Is the generation time a factor? I used the distribution of 5 days with a standard deviation of 1.9, as per this paper. What effect does varying this have?
This CDC article reports a generation time with a distribution with a mean of 3.96 days and a standard deviation of 4.75 days. Using the “time-dependent” method, what is the most recent estimated R value?
est2 <- estimate.R(dailyCounts$count, methods=c("TD"), GT=generation.time("gamma", c(3.96, 4.75))) estimatedR2 <- est2$estimates$TD$R[est2$end-1]
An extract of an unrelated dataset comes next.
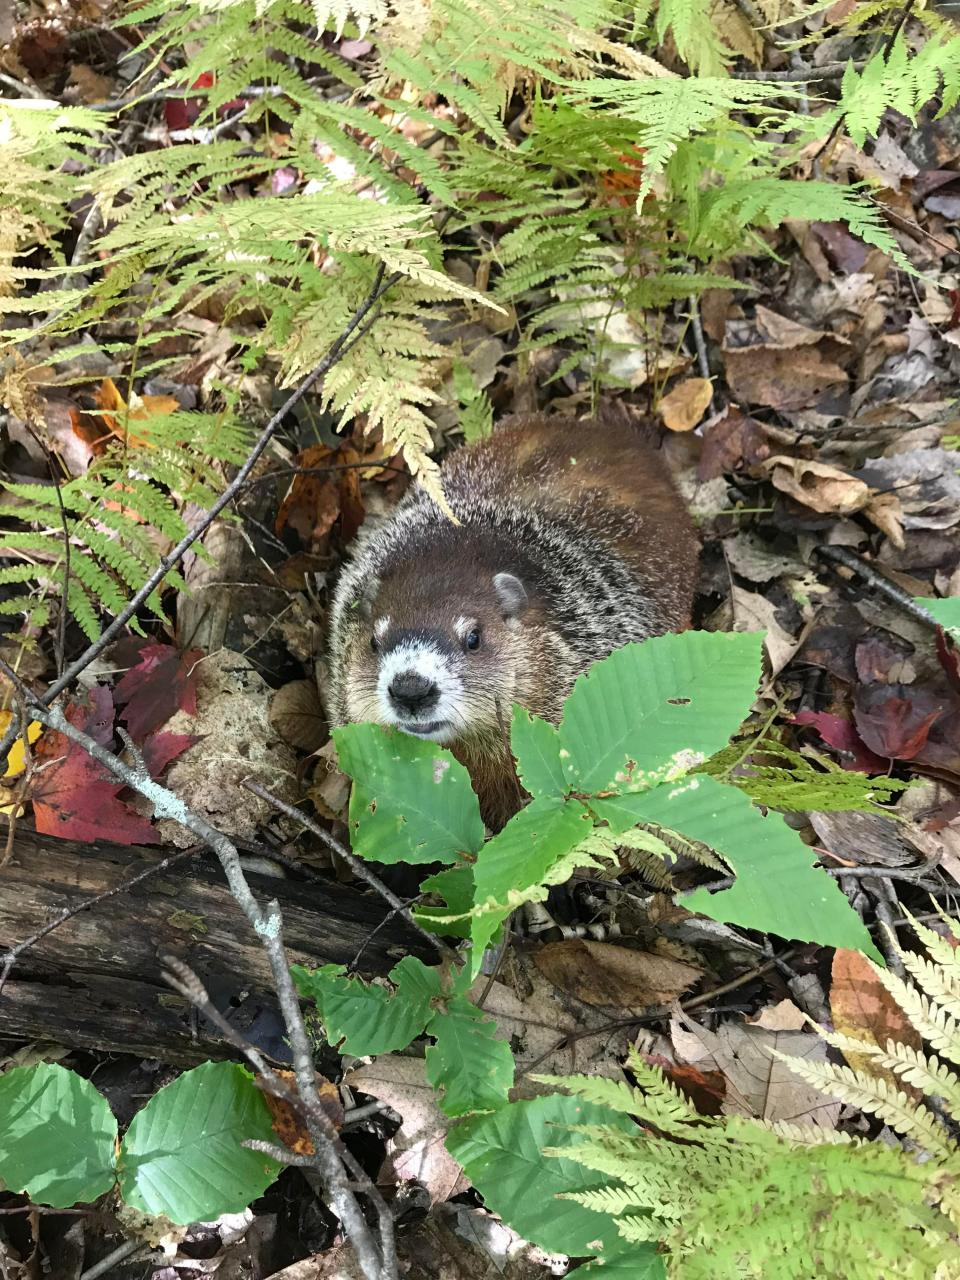 Kathi McCue, a wildlife rehabber in Bowdoin, Maine, recently saw a groundhog emerge from hibernation due to the unusually warm winter temperatures.

With this generation time, the estimated most recent R is 1.1079562. This isn’t significantly different.
Very roughly speaking, the higher the generation time, the larger R is estimated to be. Compare the estimates for a generation time mean of 20 days versus 1 day:
estHigh <- estimate.R(dailyCounts$count, methods=c("TD"), GT=generation.time("gamma", c(20, 1))) estimatedRHigh <- estHigh$estimates$TD$R[estHigh$end-1] estLow <- estimate.R(dailyCounts$count, methods=c("TD"), GT=generation.time("gamma", c(1, 1))) estimatedRLow <- estLow$estimates$TD$R[estLow$end-1]
The 20 -day estimate is 1.7229135 whereas the 1-day estimate is 1.0286179. While these differences are very critical when considering the R=1 boundary, it doesn’t look like different generation time estimates would get us close to the 0.75-1.0 range with the given case data.
I haven’t managed to find any specific details about how the published R values are produced. I think I will have to spend more time digging through the Imperial College London COVID-19 scientific resources to find out.